In the first place, the claims agreed to be surrendered or compromised were not unliquidated, but were certain and liquidated, as appears from the addendum to the agreement, which is exhibited in the record; and the agreement was simply a private accord of the immediate parties, and not one common to them and other creditors. The case is, therefore, within the principle, recognized in Seymour v. Goodrich, 80 Va., 303, that an agreement of a creditor to accept less from his debtor than his just demand is not binding, because nudum pactum. The rule and its qualifications are adverted to in the case just mentioned, and in the elaborate notes to the case of Cumber v. Wane, 1 Smith’s Lead. Cas. Marg. p. 439, where the cases are collected. (See also 5 Bob. Pr., 899.)
But apart from this, the debtors (the appellants) were not parties to the agreement, and there is no promise on their part to pay a thousand dollars, or any other sum, for the larger sum to be surrendered, and which at the time was due and payable. The paper, which is signed by Lloyd T. Smith only, purports to be a simple “ promise to claim from Smith & "Wimsatt and Boyd M. Smith only the sum of $1,000,” which, as set forth in the addendum to the paper, was a much less sum than was actually due “ as shown by the books and accounts ” of the parties.
We are also satisfied from the record, although the evidence upon this point is conflicting, that the agreement relied on was intended to embrace the claim of the said Lloyd T. Smith for salary against Smith & Wimsatt, and his claim for advances made to Boyd M. Smith, and nothing else. The testimony of Lloyd T. Smith, corroborated by the addendum to the paper above mentioned, proves this, notwithstanding the denials of *843Boyd M. Smith and Wimsatt, who testified in the case. We lay out of view the testimony of the witness, Uhler, because it is apparent he knows nothing very definite about the matter.

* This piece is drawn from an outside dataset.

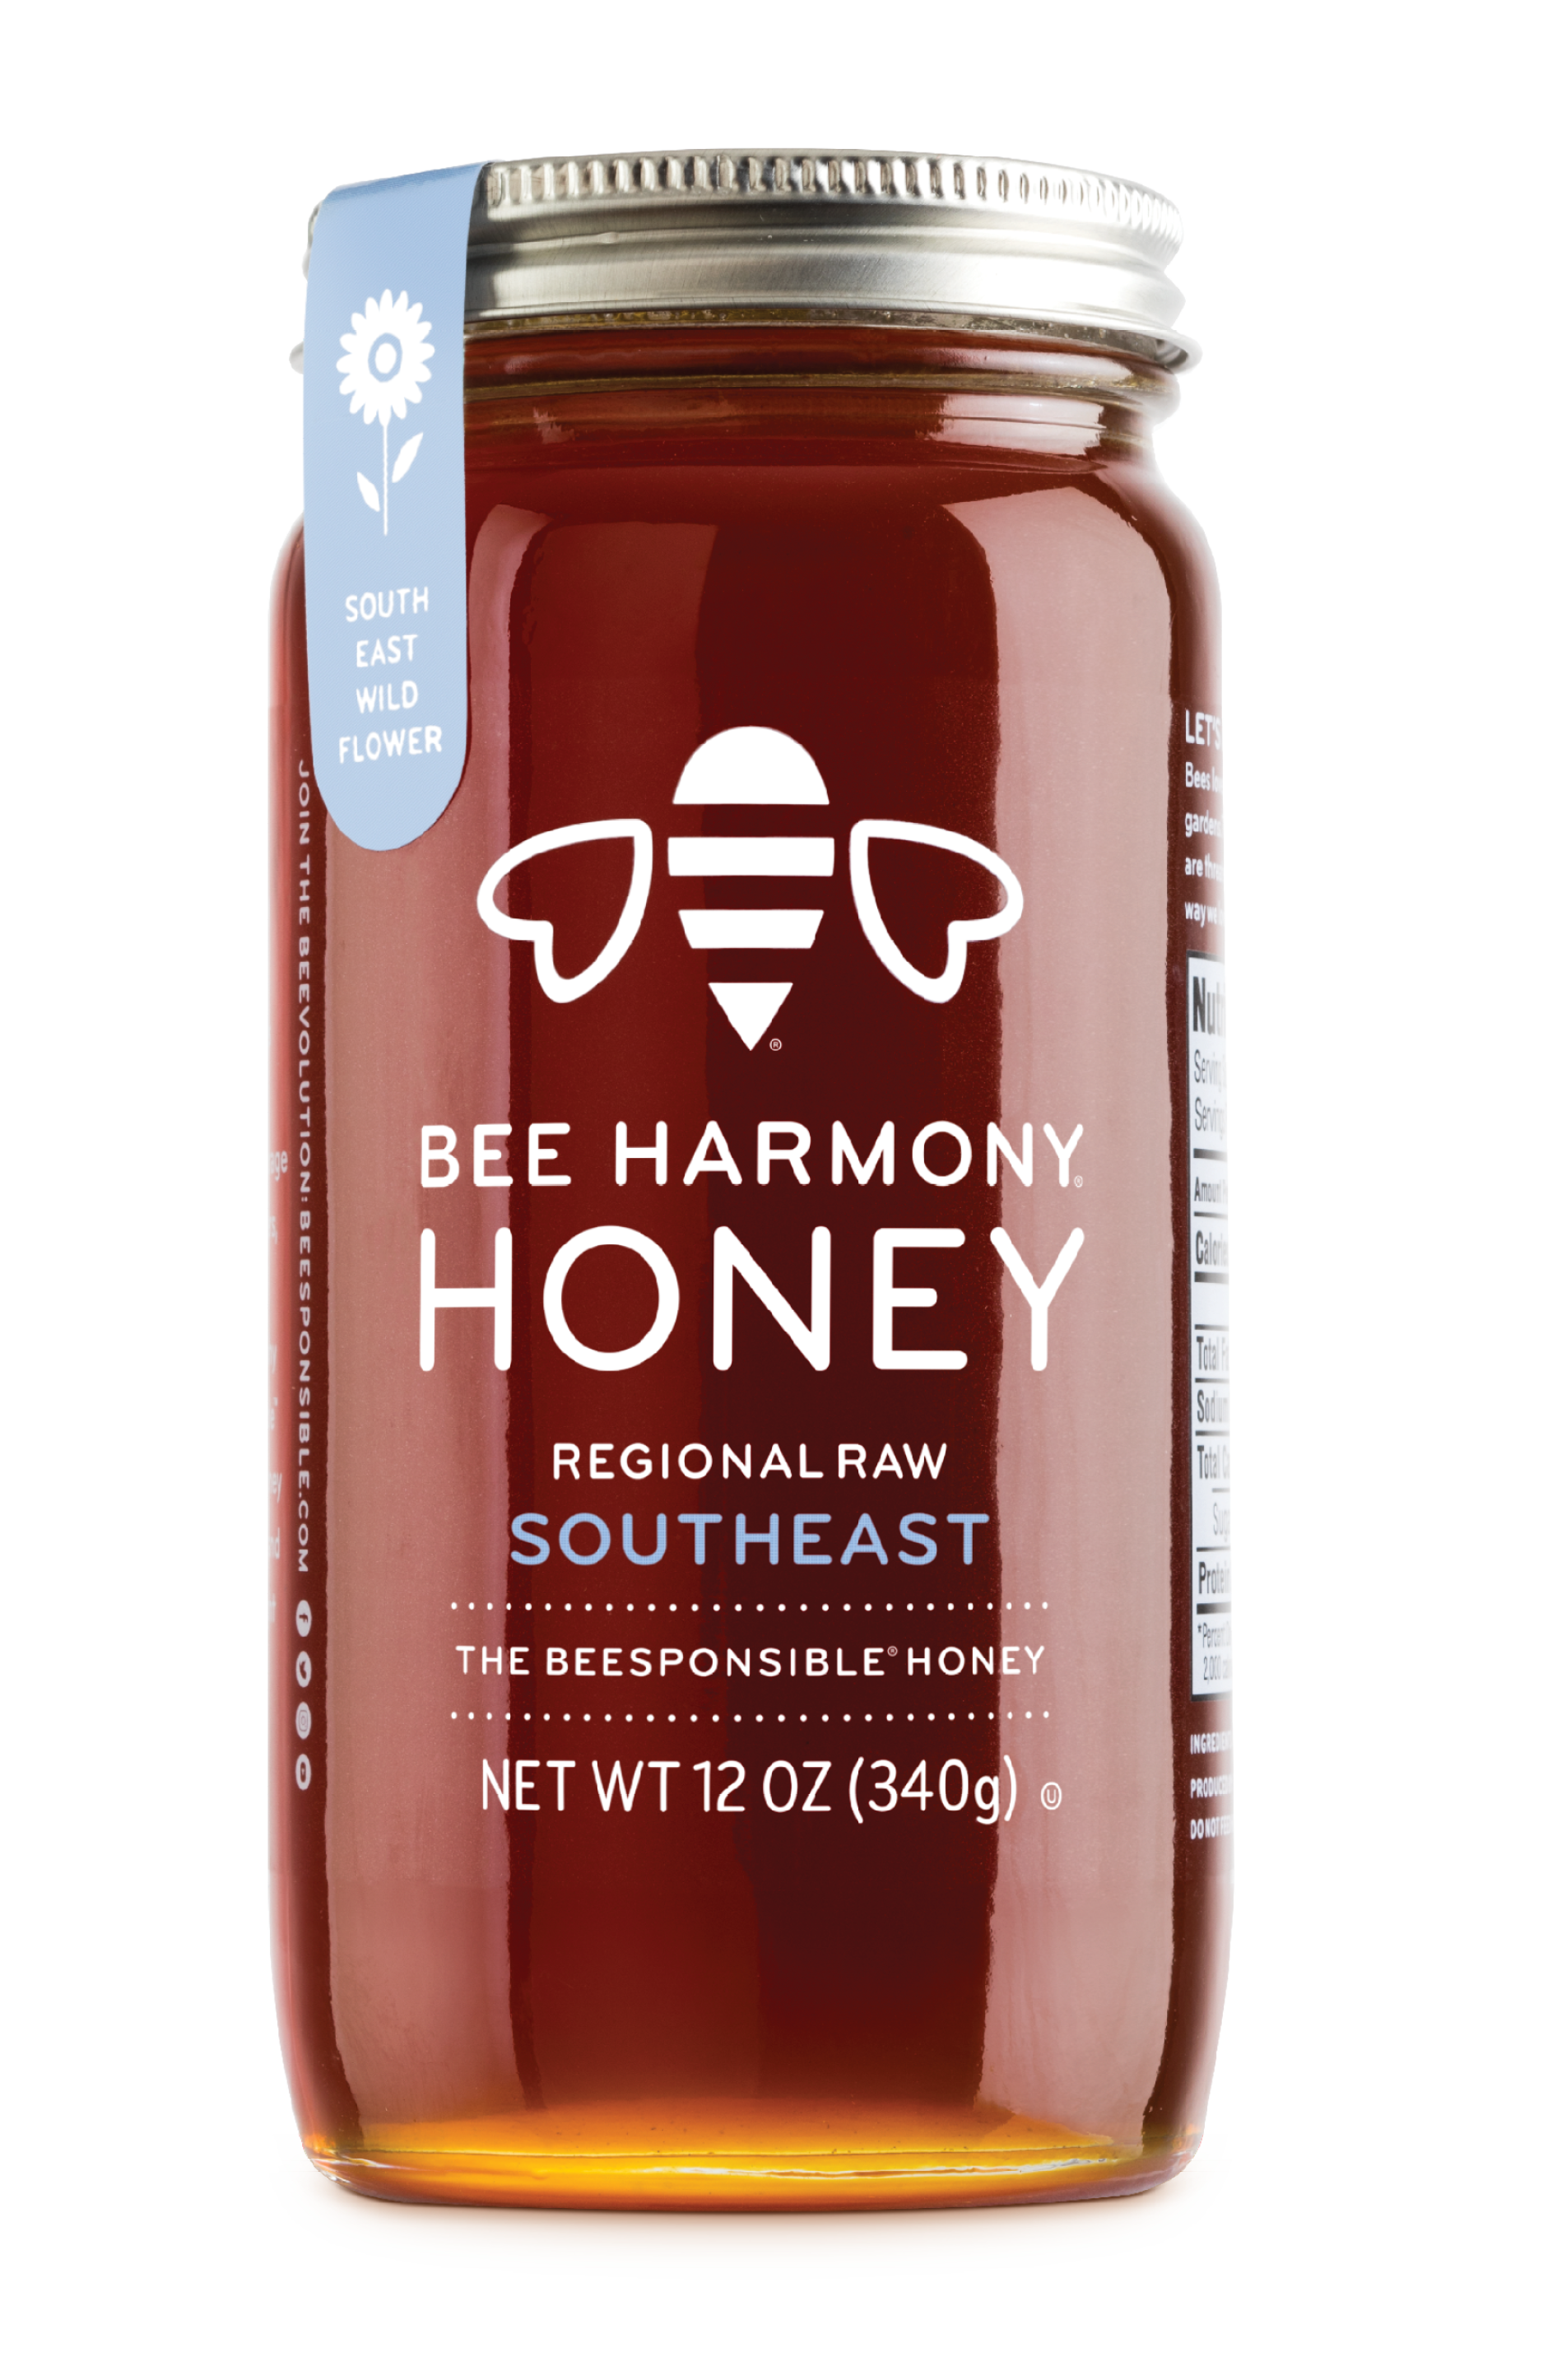 Honey Bottle Free Transparent Image HQ PNG Image

But, in any aspect, the case, so far as the appellants are concerned, is without merit, for the record shows that after the 13th of December, 1878, and before the decrees of the 29th of April, 1879, were entered in favor of the appellee for the full amount of the assigned claims, they had notice of the assignment, and permitted the decrees to be entered without objection. Indeed, the proofs now in the case show that only two days before the decrees were entered, Boyd M. Smith was in Northumberland county, and expressly assented to the entry of the decrees; the object being to prevent other creditors of the said Boyd M. Smith and of Smith and Wimsatt from suing out attachments. In othér words, the object was to defraud their creditors by confessing judgment, as it were, for the full amount of the claims in suit, and afterwards, as against the appellee, to fall hack on the alleged compromise with his assignor. Of this, however, it is proper to say, the appellee was ignorant-The appellants are, therefore, not entitled to relief, independently of what has been already said; for having attempted to-practice a fraud, they must he left to the consequences of their own iniquity. “ Whatever the parties to an action have executed for fraudulent or illegal purposes, the law refuses to lend its aid to enable either party to disturb.” (5 Rob. Pr., 543; 1 Pom. Eq., sec. 401; Hensley v. Fultz, 76 Va., 671; Barnett v. Barnett, 83 Va., 554.) The case is too plain to require further-discussion.
Decree aeeirmed.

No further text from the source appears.